Por outro lado, quando se considera que o dolo e a culpa compõem a antijuridicidade, o conteúdo do princípio se reduz à possibilidade de atribuir o crime ao agente, pois aqueles elementos já foram verificados para caracterização da conduta antijurídica. Neste caso, sim, trata-se de limite que se vincula ao fundamento político da pena, porquanto conforme aponta Mir Puig (2003, p. 138), “un derecho penal democrático tiene que respetar la dignidad humana del ciudadano y ésta impide que pueda ser castigado por un hecho quien no es culpable del mismo”.

Tais distinções doutrinárias justificam-se pela adoção, no Direito Penal, de um “triplo sentido” (BITENCOURT, 2004, p. 14) para o conceito de culpabilidade: é

fundamento da pena, porque apenas quando presentes os “elementos positivos

específicos do conceito dogmático de culpabilidade” é que o autor de um fato típico e antijurídico pode sofrer sanção penal; é medida da pena, atrelando-se a outros fatores para definir o grau de reprovabilidade da conduta; por fim, impede a

responsabilização objetiva, ou seja, a produção de resultado não é suficiente para

aplicação da pena, que pressupõe, necessariamente, a atuação do agente com dolo ou culpa.

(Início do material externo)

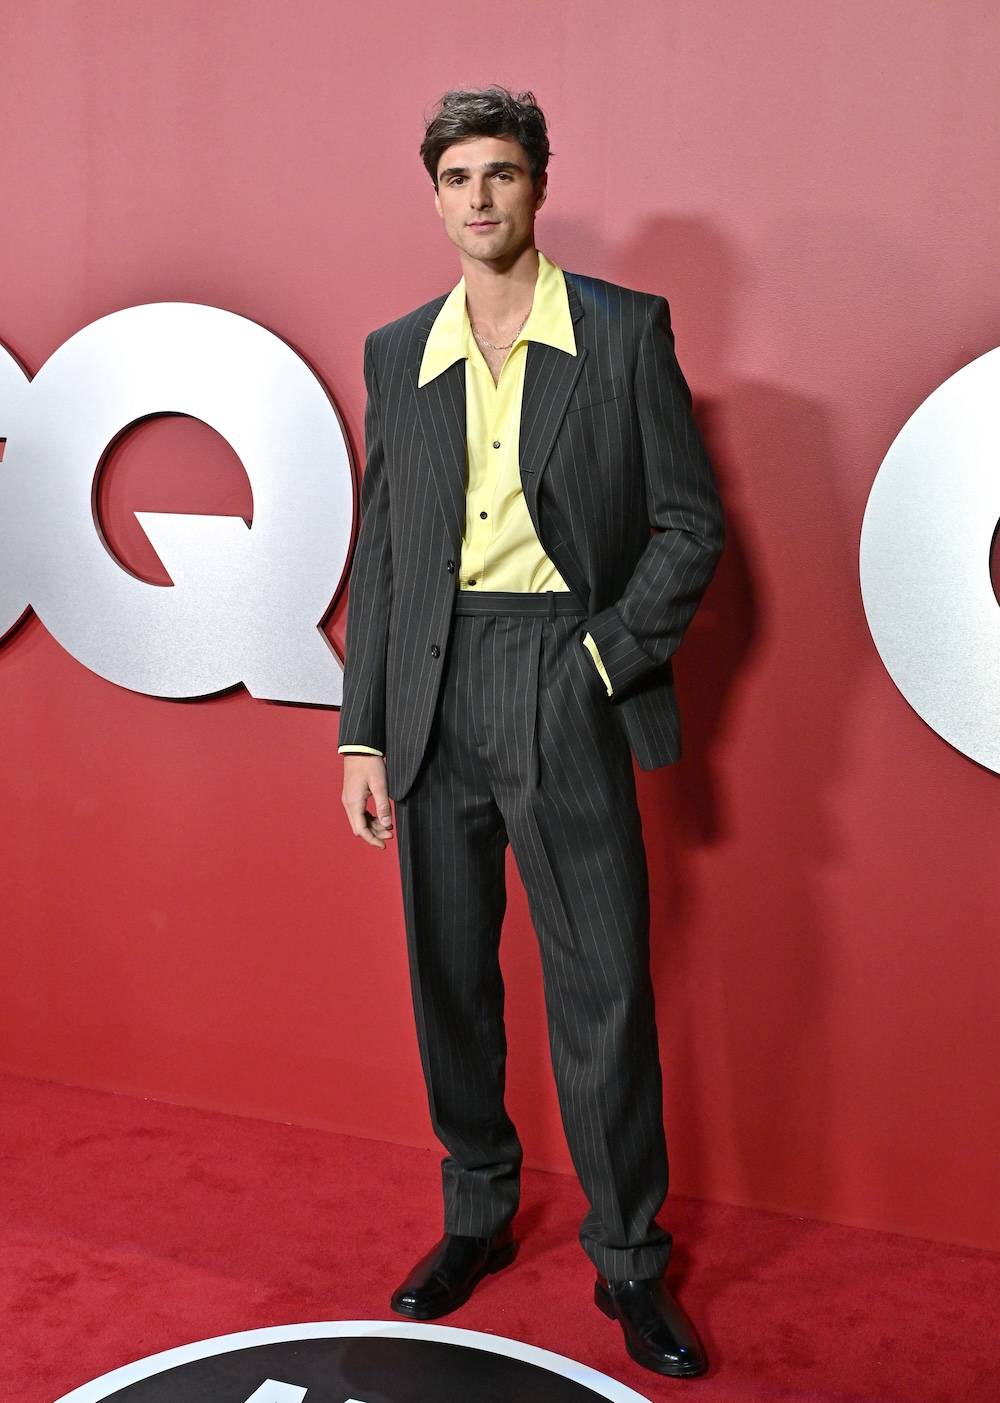 Związek Jacoba Elordiego z modą sięga 2022 roku, kiedy aktor został twarzą kampanii Hugo Boss. Dziś młody gwiazdor zasiada w pierwszych rzędach najważniejszych pokazów. (Fot. Getty Images)

No entanto, esclarecem Bianchini, Molina e Gomes (2009), que o conceito de culpabilidade, na qualidade de princípio limitador do ius puniendi, exclui tanto o sentido do termo como categoria dogmática – juízo de reprovação que recai sobre o autor –, quanto o sentido que o confunde com responsabilização subjetiva. Seria, então, o preceito de política criminal que determina a imposição de sanção apenas para os sujeitos aptos a se orientar em conformidade com a norma de conduta. Em outras palavras:

Em sentido amplo (ou seja: como conceito de Política Criminal) o princípio da culpabilidade deve expressar a base (o eixo ou o fundamento) a partir da qual irradiam-se todos os pressupostos necessários para poder responsabilizar alguém pelo evento que motiva a pena. Essa premissa reside precisamente

na capacidade de acesso do agente à proibição, ou seja, na sua capacidade de motivação (no sentido da norma). Culpabilidade, neste sentido, é a capacidade do agente de se motivar de acordo com a norma (BIANCHINI, MOLINA e GOMES, 2009, p. 376).

Por fim, é indispensável mencionar o papel da culpabilidade para a teoria da finalidade da pena, especialmente dirigida à prevenção geral, conforme melhor será analisado em tópico específico. Por ora, esclareça-se que a exigência de culpabilidade como pressuposto para sancionar o indivíduo impede que a pena tenha o fim exclusivo de motivar a população a agir em conformidade com a norma penal, transformando o apenado em exemplo para os demais. Sobre o tema, é esclarecedora a lição de Mir Puig (2003), à qual se recorre para compreensão liminar do tema, que será revisitado adiante:

Al limitar la pena al injusto culpable, la instrumentalización del delincuente encuentra, por lo menos, un importante paliativo: se hace recaer la pena en el delincuente sólo cuando éste ha decidido cometer el hecho con arreglo a su capacidad de autodirección normal, consciente de que el delinquir iba a suponerle el riesgo de ser castigado (MIR PUIG, 2003, p. 139).

A prevenção geral, portanto, não seria suficiente para atender ao princípio da culpabilidade. Deve-se acrescer, no mínimo, a fim de legitimar o poder punitivo do Estado, outra finalidade, que considere a qualidade do indivíduo como um fim em si e não apenas como instrumento a serviço do bem comum. Este tema será revisto adiante, no tópico 3.3.4.